Breaking Bad never really went away. Despite having one of the most acclaimed series finales of all time, Vince Gilligan never truly stopped telling the story. This was most apparent last October, when the continuation El Camino: A Breaking Bad Movie launched on Netflix (which we reviewed right here! https://acobserver.com/arts-entertainment/2019/10/16/the-new-breaking-bad-movie-is-solid-but-unnecessary/). It was a huge hit with audiences, instantly becoming one of the most watched Netflix films ever. I liked the film enough, though I don’t think it compares to the either of the series. That’s right, I said either of them, as Better Call Saul should not be overlooked. Critics have loved Saul since the beginning, but compared to its big brother, it hasn’t made nearly as much of a cultural splash. Which is a shame, because I think Saul is just as great as Breaking Bad, and potentially even better. It’s not addictive and explosive like Bad, but it’s introspective and emotional in a way Bad never was. In Scorsese terms, Breaking Bad is Goodfellas, while Better Call Saul is The Irishman.
AMC has just released the first two episodes of Season 5, which they’ve also announced is the penultimate season of the show. It makes sense that the story is coming to close, since Jimmy McGill has almost finished his descent to Saul Goodman. The new episodes show him lying and conning to gain new clients, a habit that will never go away. Much like Walter White and Heisenberg, the show is all about how an ordinary man can become a criminal supervillain. But here’s the difference: Walt was never a good person. He was always a disturbing parody of the average American. His descent to crime somehow felt fitting and perversely entertaining. But Jimmy is such a likeable character, and we don’t want him to become a slimy coward like Saul. But alas, from the very first episode, we knew it was inevitable. It cannot be overstated how amazing of a job Bob Odenkirk does playing this character. In every scene, he manages to capture so many different nuances and emotions. His range on this show is among the best I’ve ever seen from an actor.

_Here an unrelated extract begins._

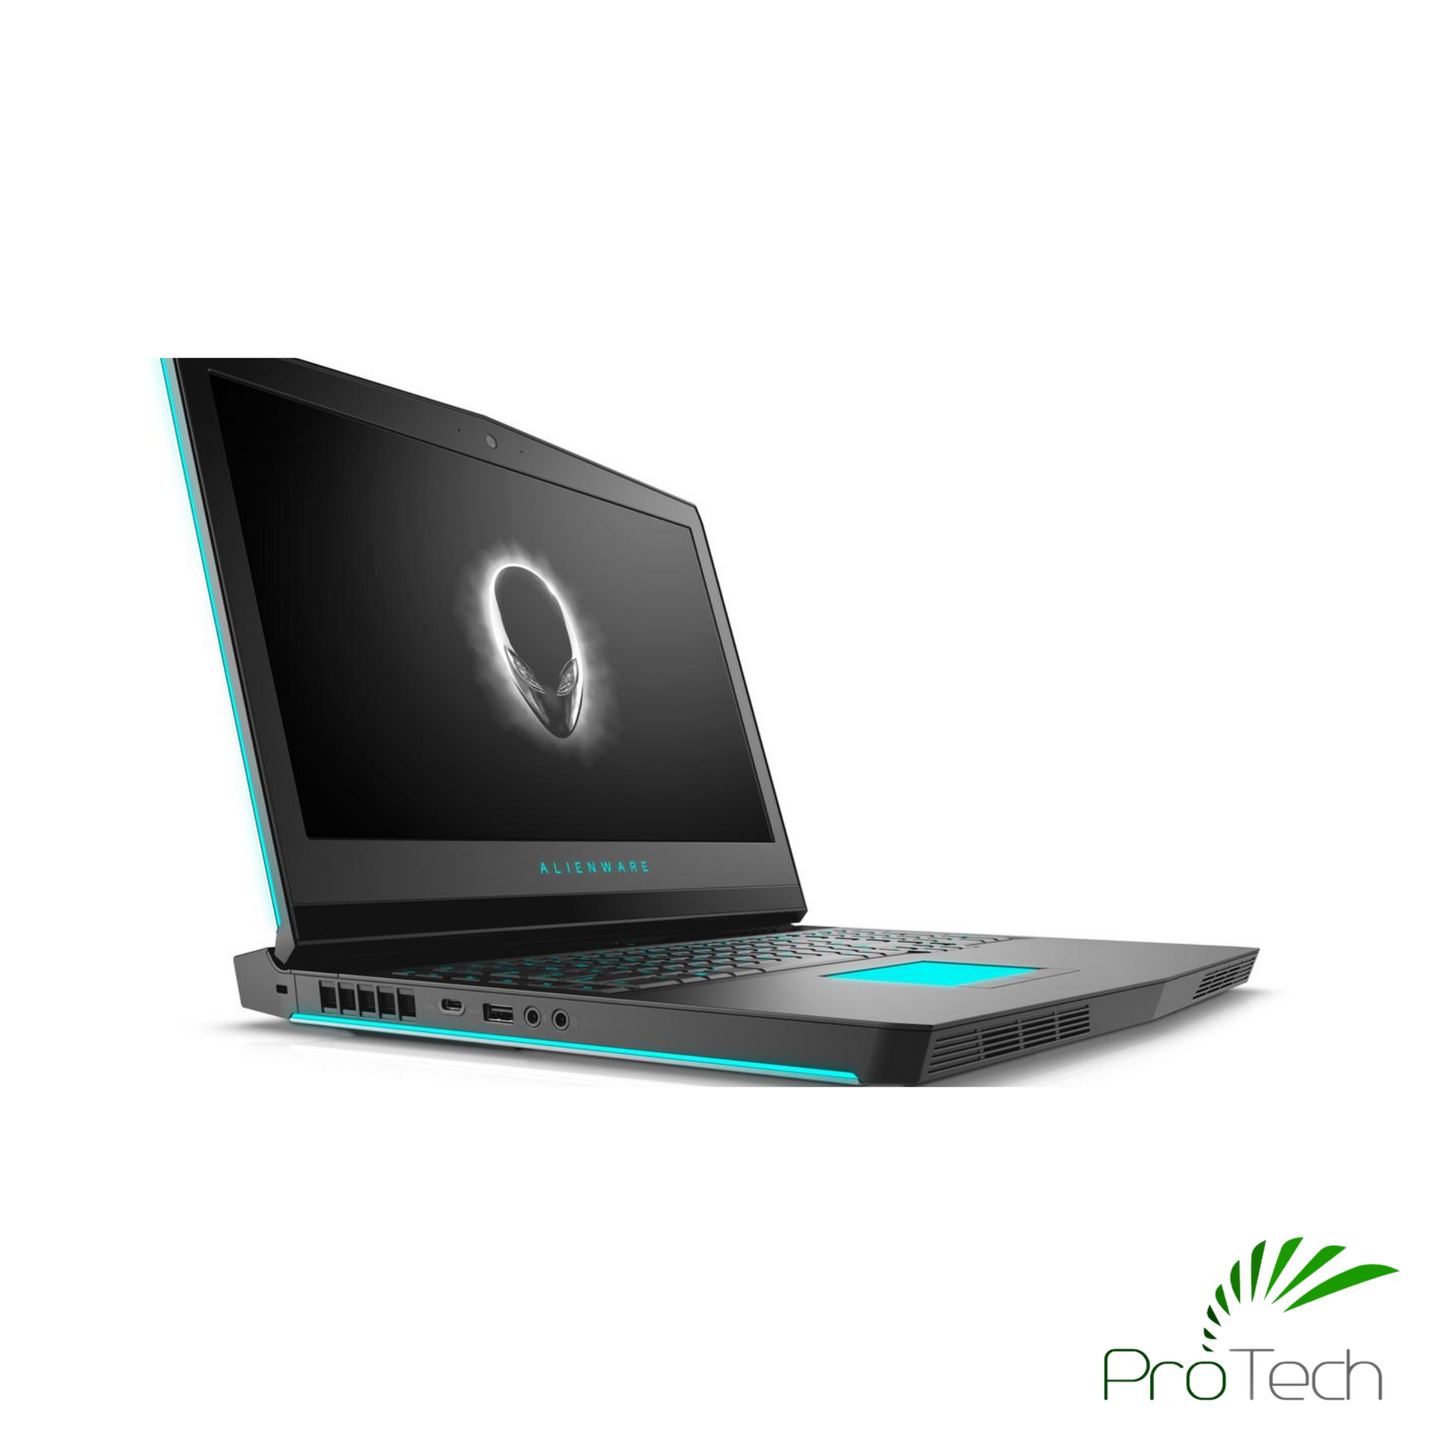 Dell Alienware 17 R5 17.3" Gaming Laptop | Core i7 | 16GB RAM | 256GB SSD + 1TB HDD

On the other side of things, we have Jonathan Banks once again playing fan favorite Mike Ehrmantraut. And as great as he was on Breaking Bad, I’ve always liked him even more on this show. It’s unbelievable how Banks has been playing this character since 2009, and yet he’s still finding new depths and facets. In the new episodes, he’s dealing with depression and self-loathing, following his obligated murder of Werner Ziegler. We’ve never seen him this emotionally effected by a job before, and it’s kind of strange to see. One heartbreaking scene involves him lashing out to his granddaughter Kaylee, which is something I never thought I’d see from her Pop Pop. It’s a compelling arc, and I’m excited to see where it goes.
Season 5 already has plenty of great moments. We got two darkly funny montages, one with Saul ripping off clients set to “The Sidewinder”; and another of two thugs’ reckless joyride motivated by Saul’s promise of “50% OFF!” We got great moments from Kim Wexler and Nacho, as they both grapple with their expectations of criminality. We got to see Saul’s elevator trick, which is surely one of the most hilarious moments of the entire series. And as a priceless treat, we got one more surprise scene with late great Robert Forster. The future episodes have confirmed guest appearances by Hank Schrader and Steven Gomez, and we’re sure to see more of the legendary Gustavo Fring. It’s sure to be another fantastic season, and I can’t wait to see more. Vince Gilligan and company have yet to disappoint.
New episodes of Better Call Saul air Monday nights on AMC.